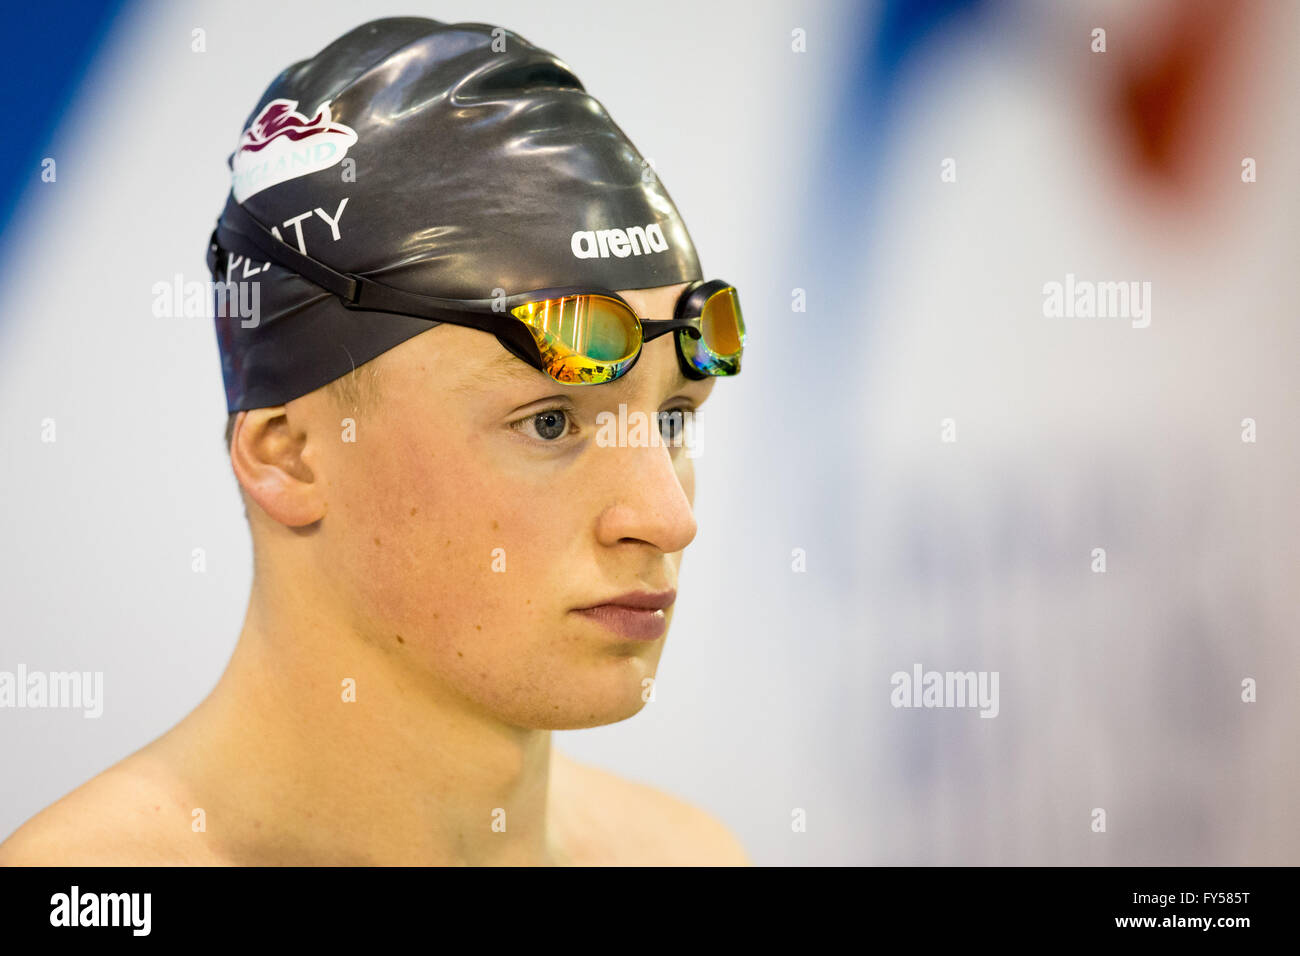 GLASGOW, UK: April, 12, 2016 Adam Peaty of Great Britain prior to the start of the Men's 100m Breaststroke Final Stock Photo
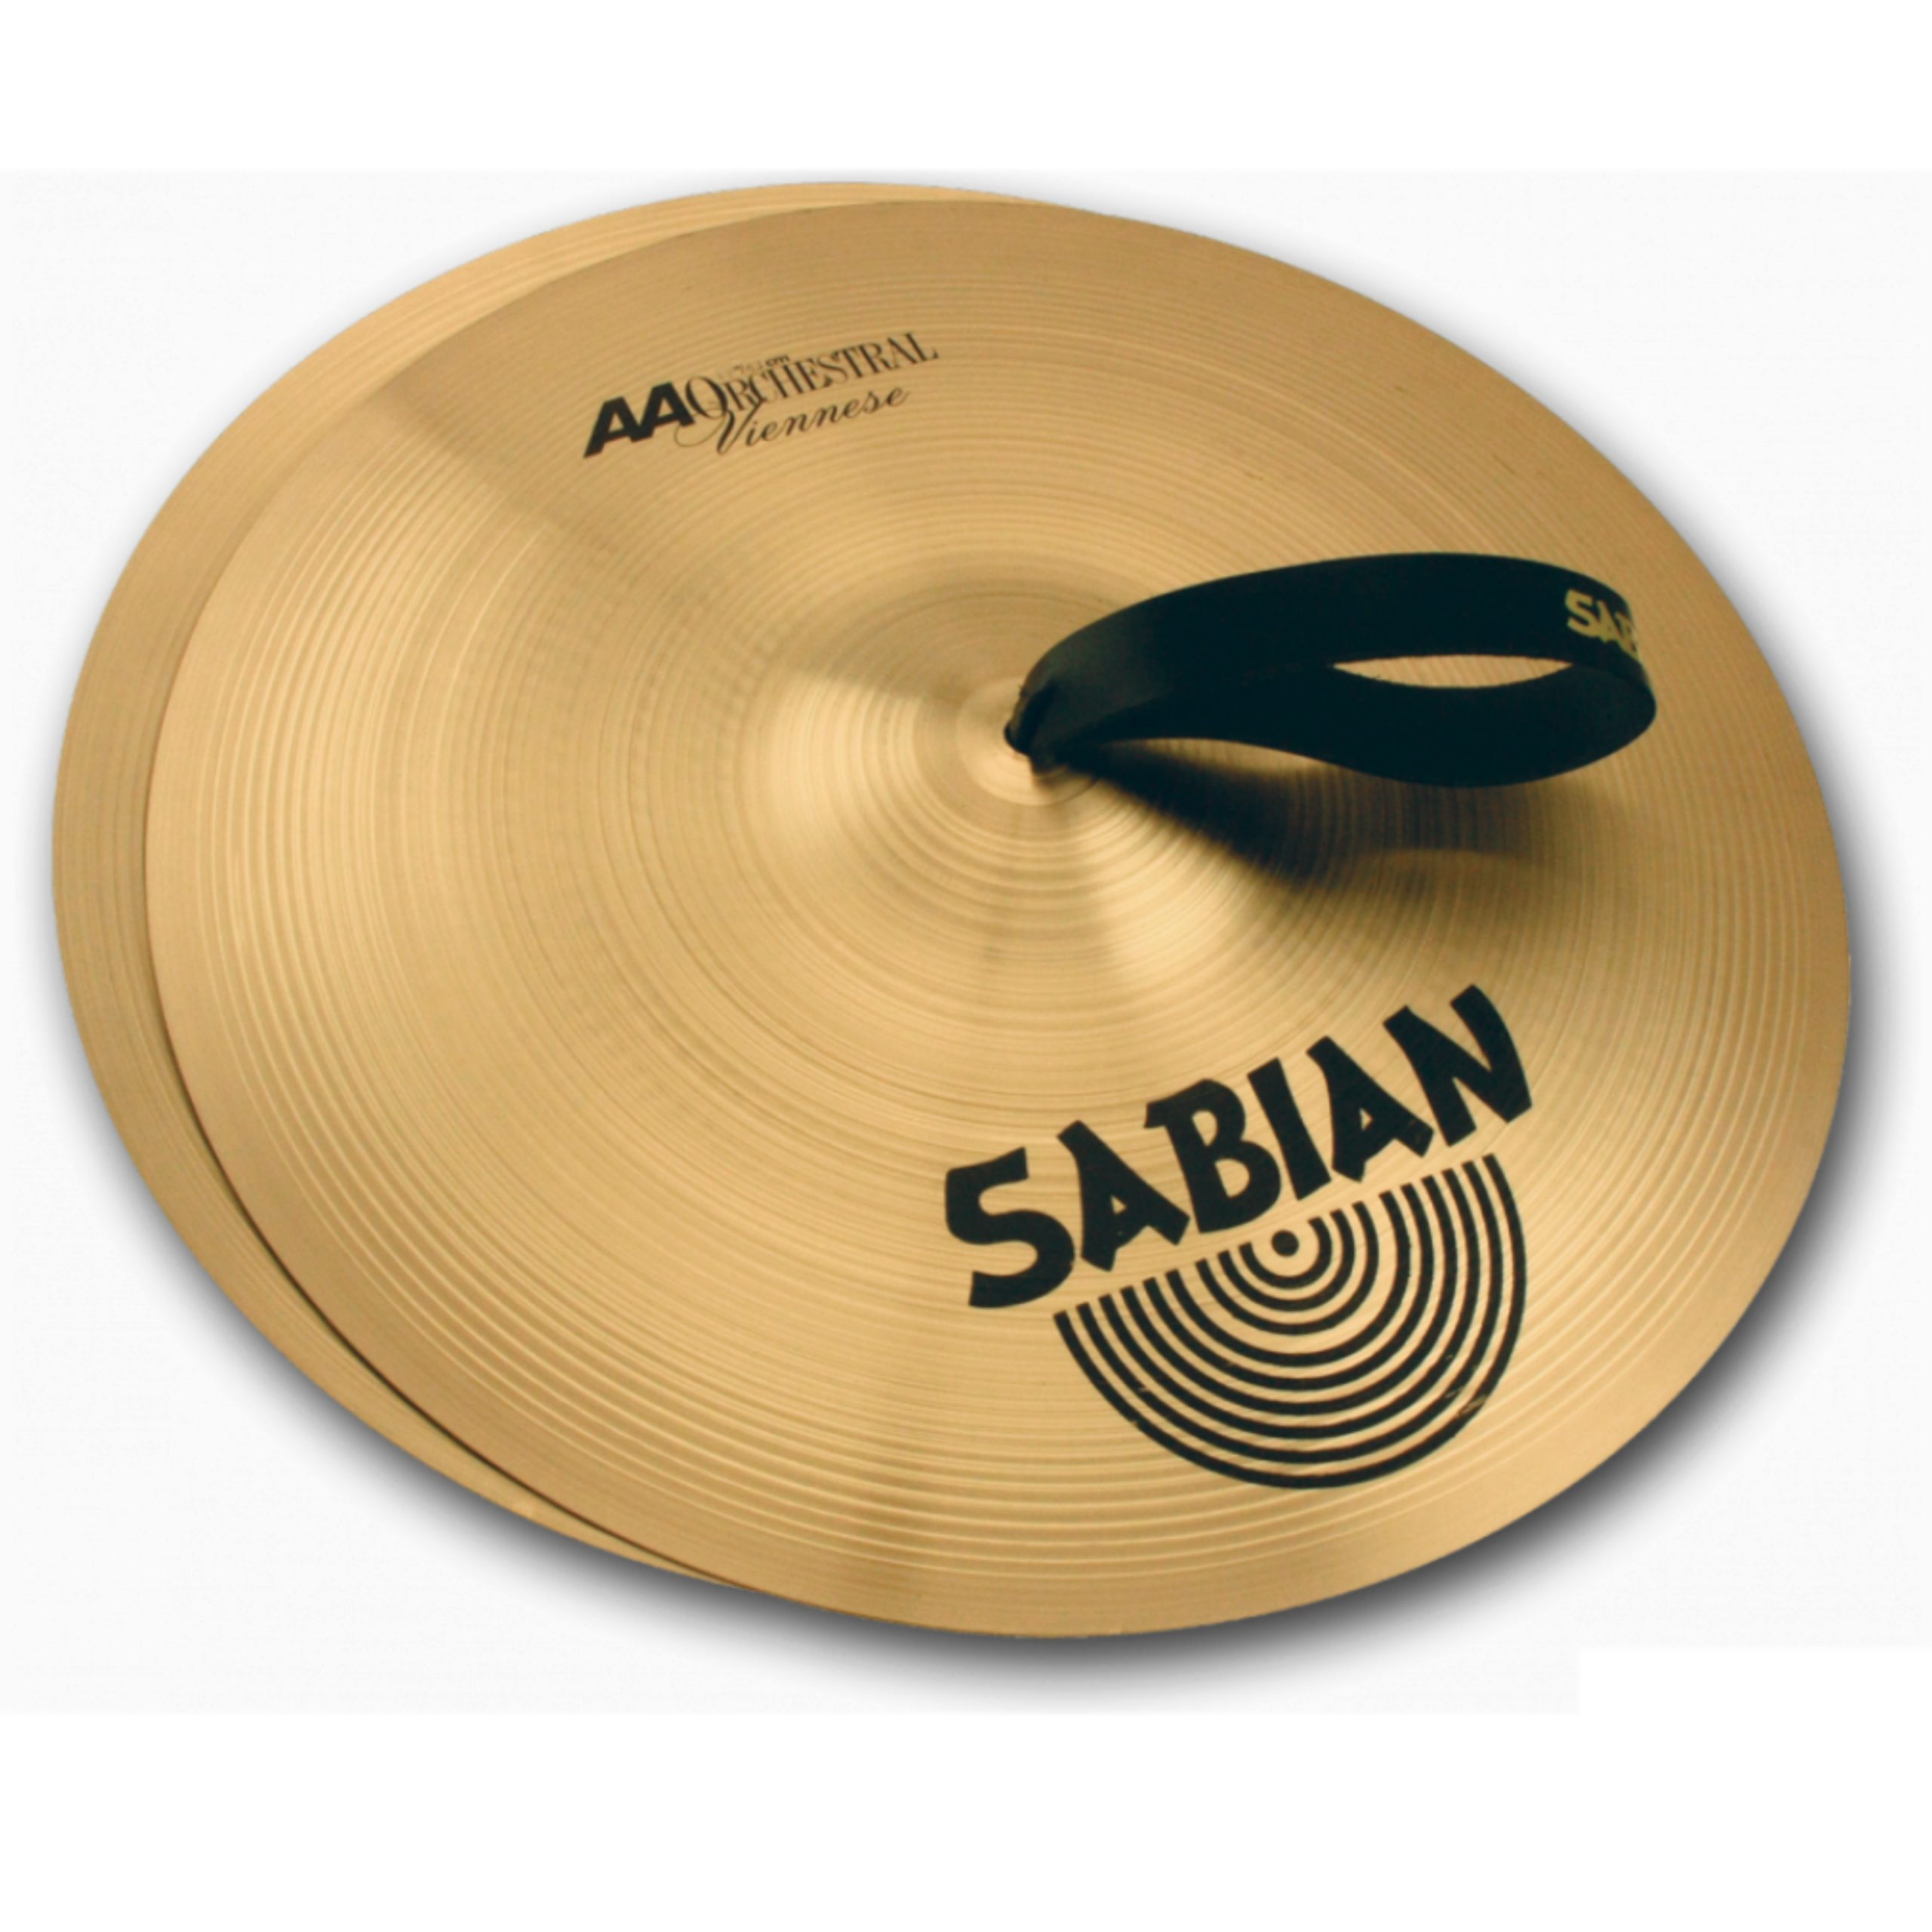 Sabian 19" AA Orchestral-Band Viennese pair
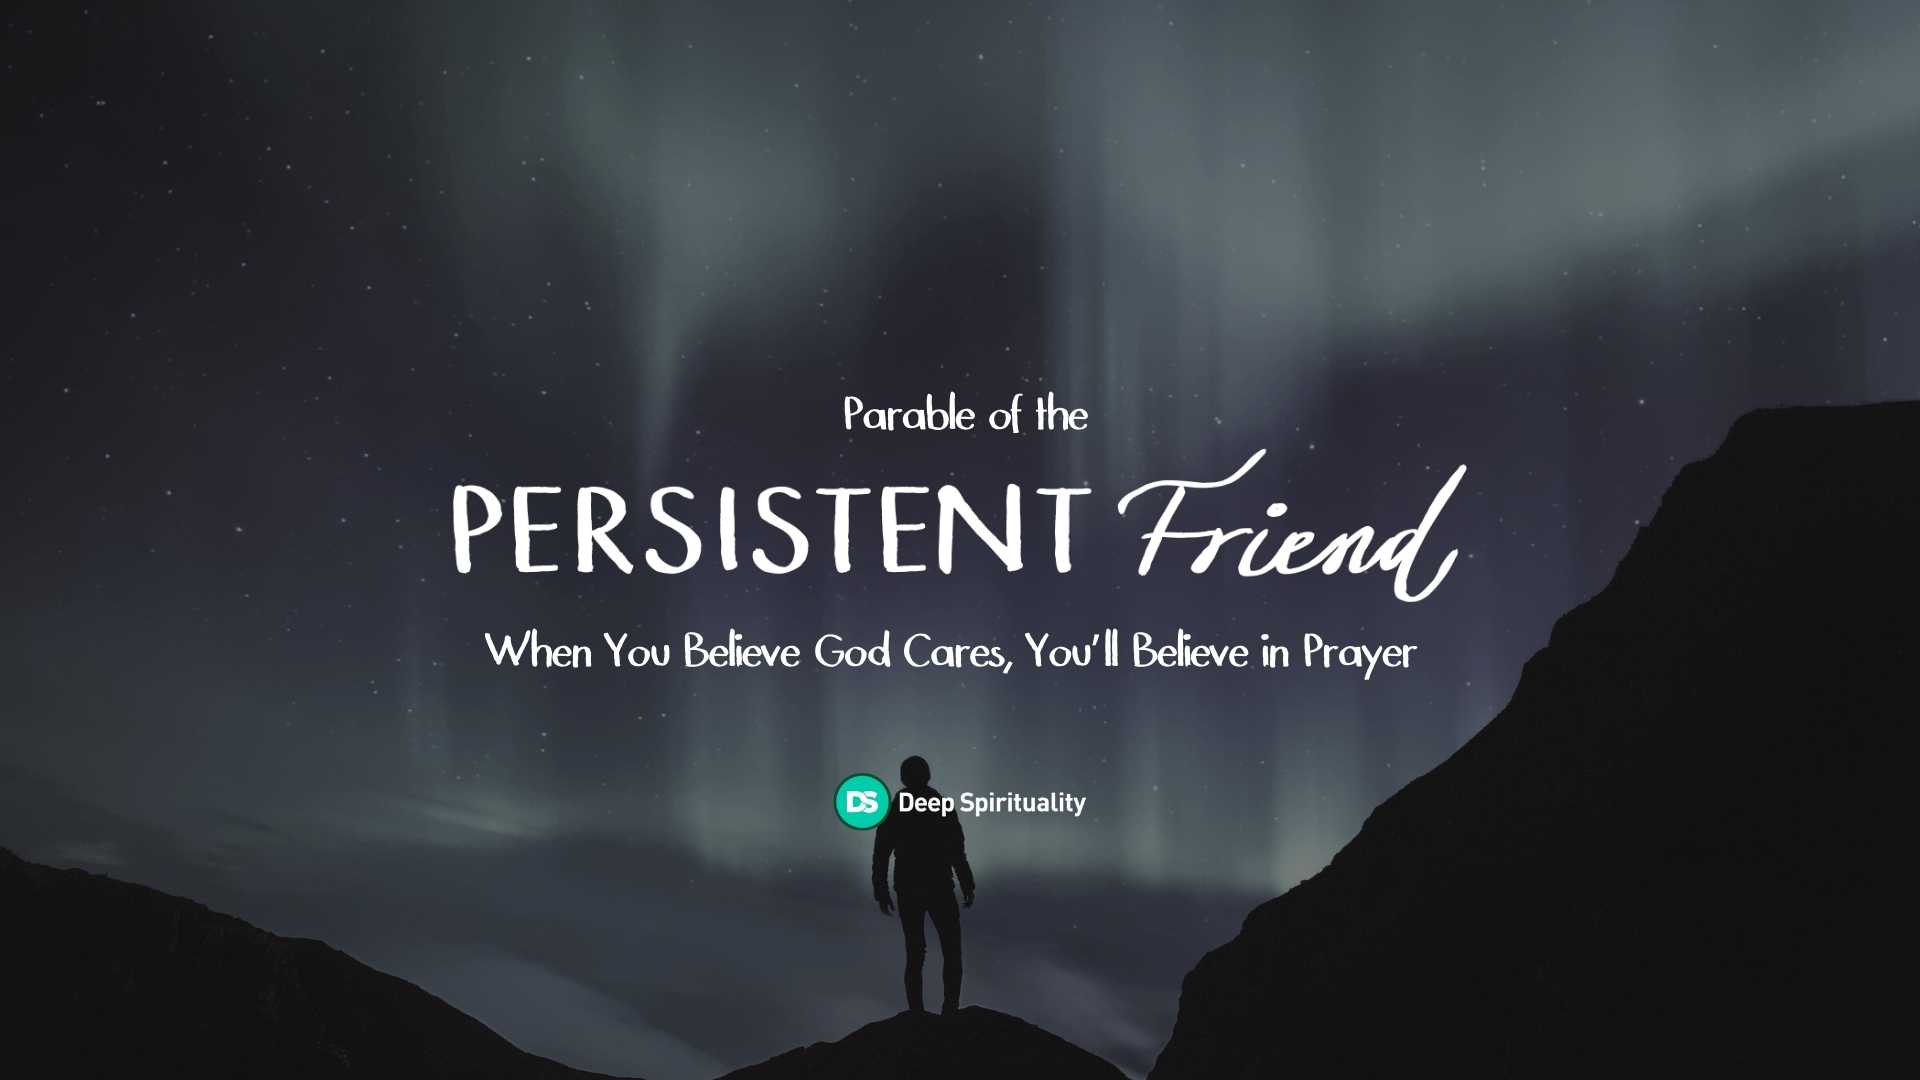 You Can Count On Me: What We Should Learn from the Parable of the Persistent Friend 11
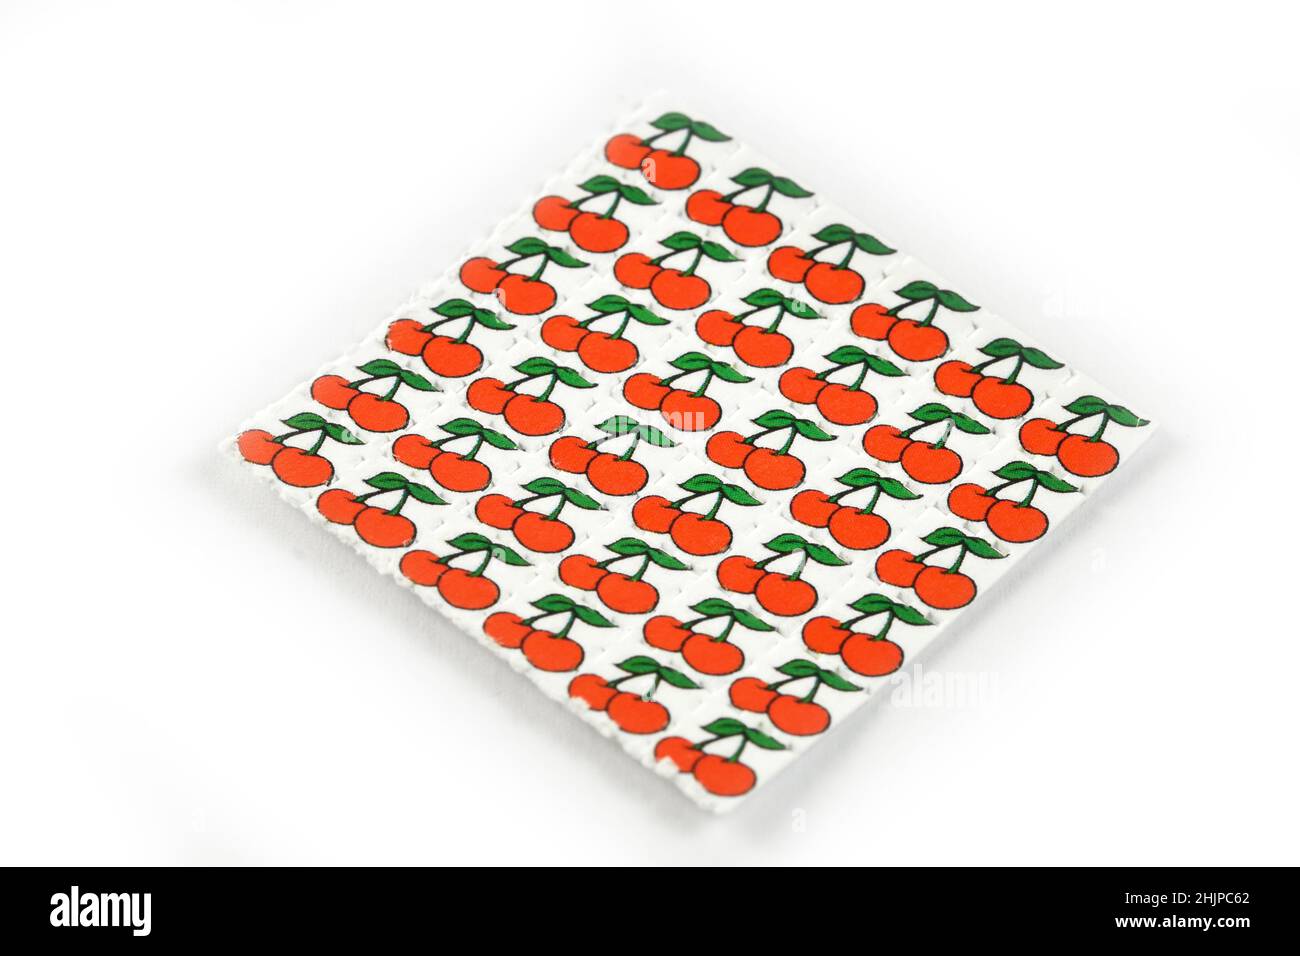 Cherries acid trips, Blotting paper impregnated with the drug L.S.D.- Lysergic acid diethylamide. Stock Photo
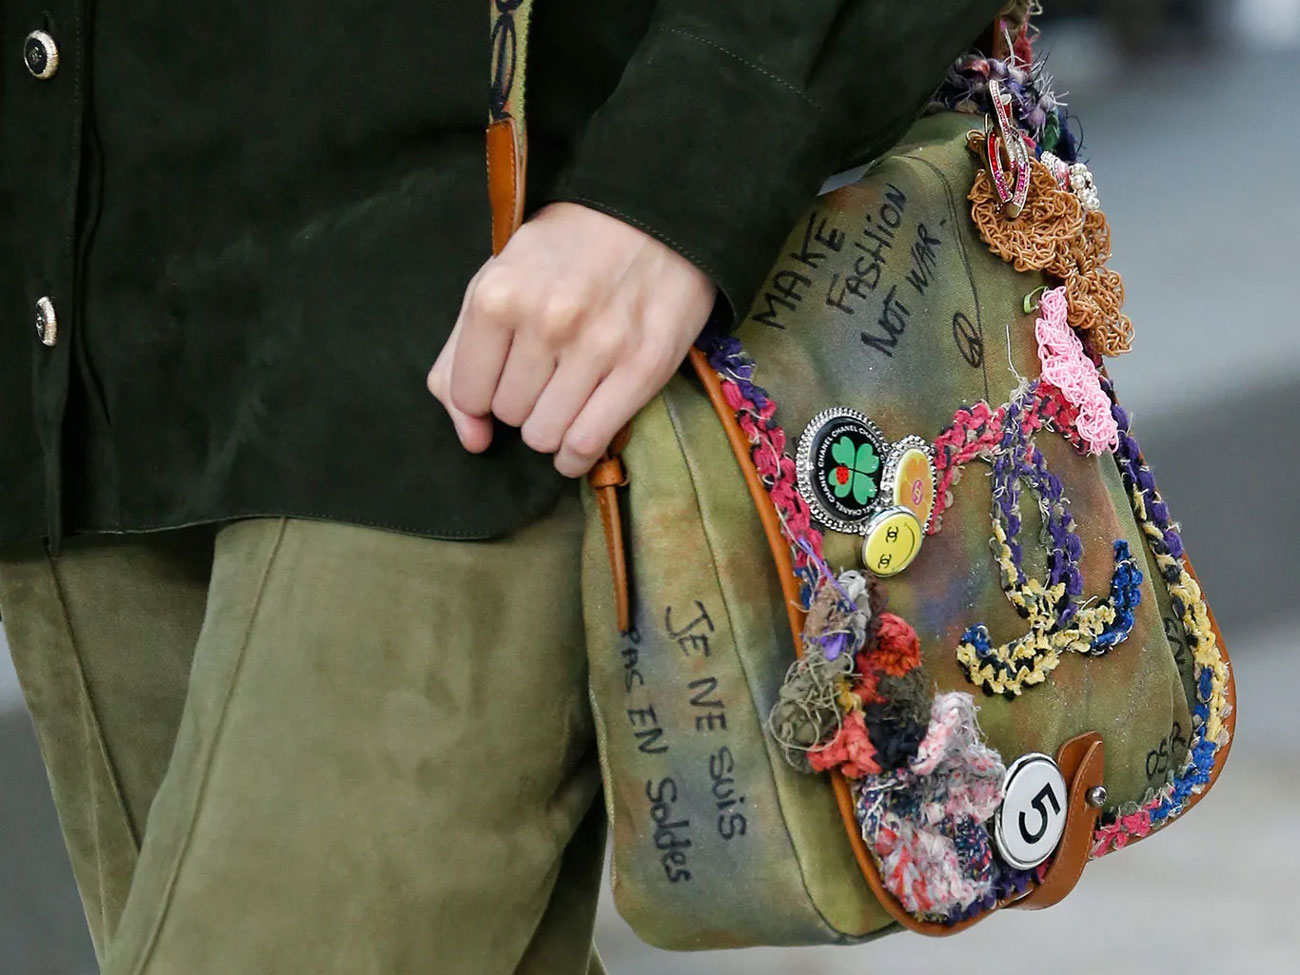 Vintage designer bags that are making a comeback in 2023
—————
Task goal :: Nothing is needed beyond an exact transcription of the lines from the one containing "Orchestral-Band Viennese pair" to the end of the entries above, with the pictures omitted.

Reply to the exercise ::
 Sabian 19" AA Orchestral-Band Viennese pair
 You Can Count On Me: What We Should Learn from the Parable of the Persistent Friend 11
 Cherries acid trips, Blotting paper impregnated with the drug L.S.D.- Lysergic acid diethylamide. Stock Photo
 Vintage designer bags that are making a comeback in 2023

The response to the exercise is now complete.